Open biozzq opened 1 year ago
Pinging @mikelove, who is certainly the person to give the best answer here. One clear difference to note though is that TPM is a length-normalized measure, while CPM is not. This alone means they will exhibit nontrivial differences.
Yup. I see correlations around .8 which seems reasonable. Imagine:
gene X has count 100 and transcript length 1,000 gene Y has count 100 and transcript length 10,000
these have same CPM but order of magnitude difference in TPM
Dear all
Thank you for your prompt reply. @mikelove yes, the CPM is only cross-sample normalisation, but not cross genes.
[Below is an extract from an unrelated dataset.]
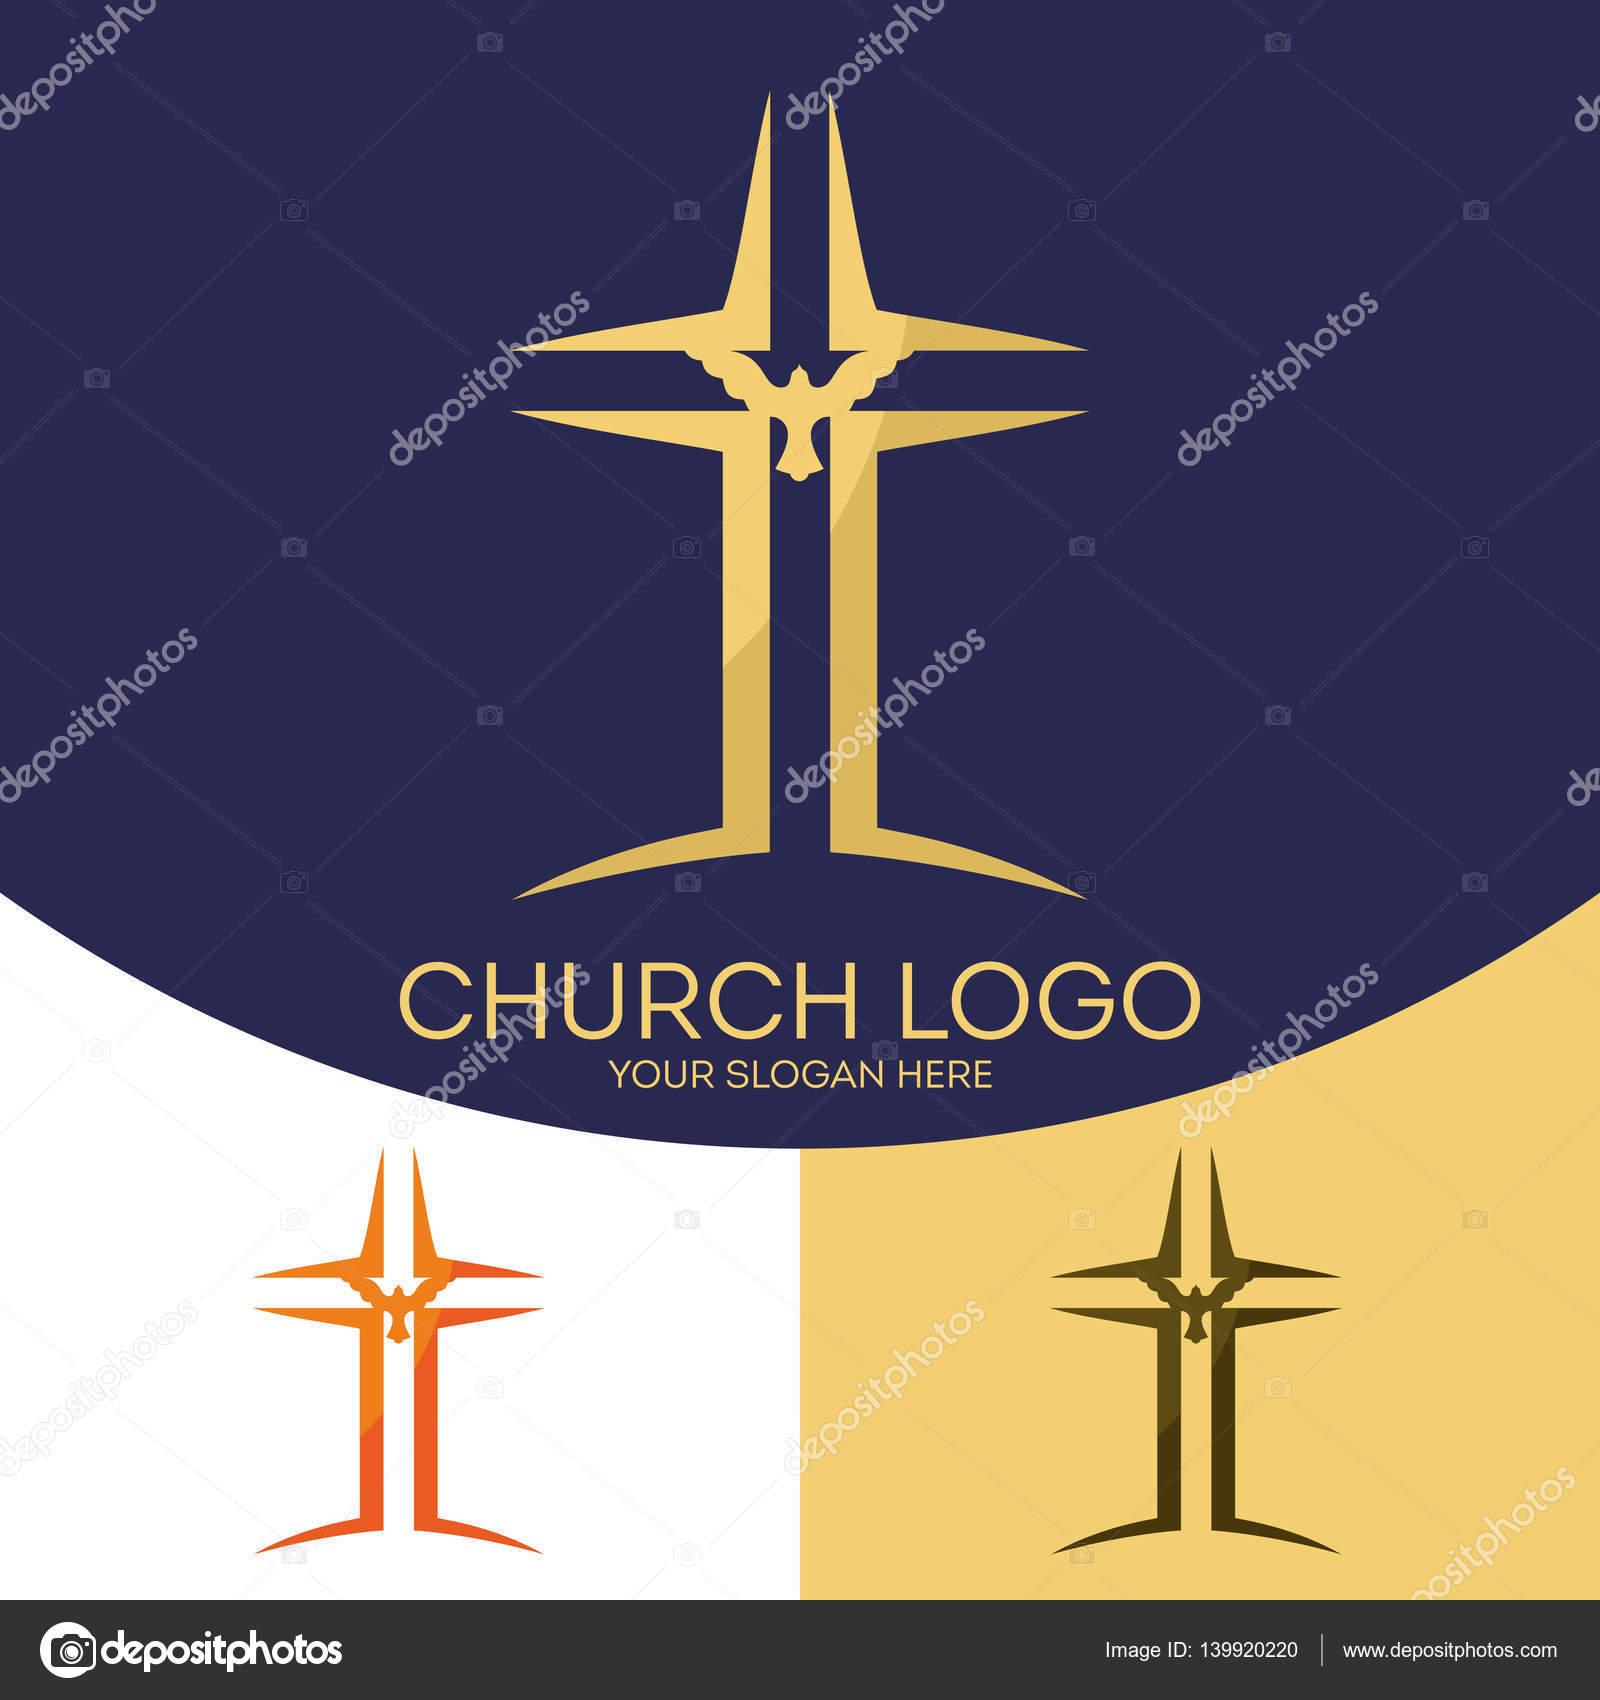 church logo christian symbols the cross of jesus christ the

TPM is both cross-sample and cross-gene normalisation.
Thus, in my mind, TPM is more suitable for downstream RNA-seq analysis, including clustering analysis, differential expression testing using Wilcoxon rank-sum test.
Also, for accurately detecting differentially expressed genes, is it reasonable to overlap the results from different methods, such as edgeR+Wilcoxon rank-sum test?
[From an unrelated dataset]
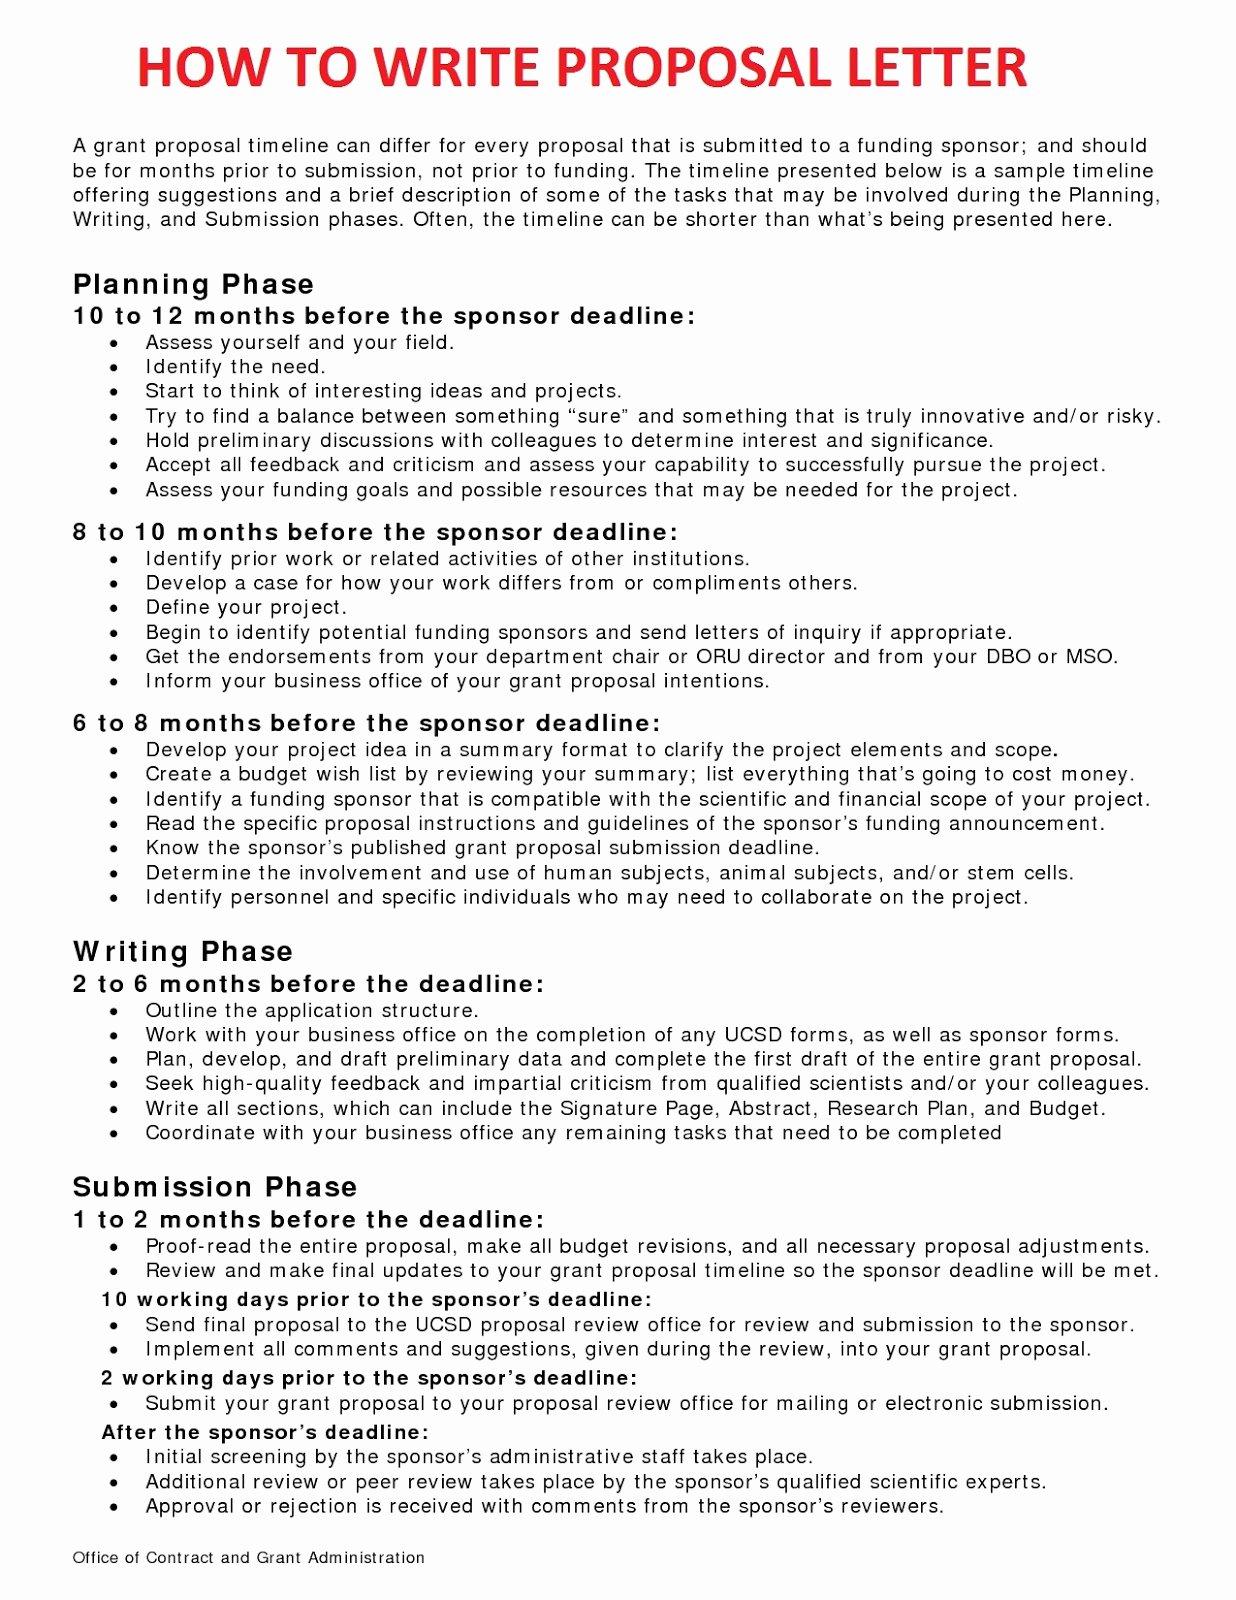 Written Proposal Examples Inspirational Business Letter Sample November 2012

Best regards, Zheng zhuqing
There is a long literature about why we use counts or CPM (in either case, optionally with an effective transcript length offset) instead of raw TPM for statistical modeling. Using TPM throws out information about the sampling variation. It can be recovered in large sample datasets, but in small sample datasets, it's too much information loss.
With respect to Wilcoxon, again, it's good to incorporate the inherent sampling variation of counts into the test statistic even with nonparametric schemes. This occurs in SAMseq (2013)
https://www.ncbi.nlm.nih.gov/pmc/articles/PMC4605138/
...and also in our method Swish (2019), which is based on SAMseq but designed specifically for output of methods like Salmon.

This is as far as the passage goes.